An engine surfaces information about its parameters across two channels. The typed schema (Pydantic models, dataclass fields, msgspec structs) tells you which parameters exist, what types they accept, and what defaults they ship with. The validator behaviour (validator methods, _verify_args calls, conditional raises) tells you which combinations of parameter values are rejected, normalised, or warned about. Schema discovery extracts the first; invariant mining extracts the second.

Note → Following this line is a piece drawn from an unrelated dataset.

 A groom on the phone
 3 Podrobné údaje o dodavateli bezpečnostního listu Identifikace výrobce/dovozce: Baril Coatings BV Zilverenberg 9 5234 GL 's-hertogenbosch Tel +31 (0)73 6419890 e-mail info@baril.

Either pipeline alone would understate the engine. Without schema discovery the runtime cannot align user fields with the engine's actual parameter surface; without invariant mining it cannot reject invalid combinations before paying the cost of engine initialisation. Running both per engine, against the pinned upstream library version, is what makes the engine first-class as a measurement axis.

The shared shape

Both pipelines follow the same four-stage workflow. The probe gates the work: if the landmark is missing, downstream stages skip. The producer either introspects or mines. The validate stage exists for invariant mining only (schema discovery is deterministic by construction). The writeback stage emits one artefact per pipeline, committed back to the PR branch by the bot.

Per-stage comparison:

StageSchema discoveryInvariant mining
ProbeLandmark check (engine + class symbols importable)Landmark check (engine + class symbols importable)
ProducerInspect typed APIs: inspect.signature, Pydantic model_json_schema(), dataclasses.fields(), msgspec.json.schema()AST walk of validator methods + dynamic Cartesian probing + type-system lifting
ValidateDeterministic by construction; no validate stageReplay each rule against the live library inside the engine container; classify outcomes
Output (per-engine)engines/<engine>/schema.discovered.jsonengines/<engine>/invariants.proposed.yaml + engines/<engine>/invariants.validated.yaml
Format spec (reference)Schema discovered formatInvariants corpus format
Per-engine digest (auto-generated)reference/engines/schema-<engine>.md, reference/engines/curation-<engine>.mdreference/engines/invariants-<engine>.md

Both pipelines run inside the engine's Docker image. The host has no engine libraries (import transformers, import vllm, import tensorrt_llm all fail by design), so every engine's introspection must run in the matching container.

Schema discovery in depth

Schema discovery introspects the engine's native Python API surface to produce a typed inventory of all configurable parameters. The introspector imports the live library, walks its config classes, and emits a deterministic JSON envelope.

What the producer does

The introspector is engine-specific: each engine has a module under scripts/engine_introspectors/ that knows how to walk its own config surface. The shared envelope and helpers live in scripts/engine_introspectors/_common.py.

Determinism

Schema discovery is deterministic by construction. The introspector reads the library's own type annotations and Pydantic schemas; the same library version always yields the same JSON. The LLENERGY_DISCOVERY_FROZEN_AT environment variable additionally pins the discovered_at timestamp to a stable anchor (typically the author date of the most recent commit touching any input path) so CI re-runs do not produce a fresh wallclock timestamp on every invocation.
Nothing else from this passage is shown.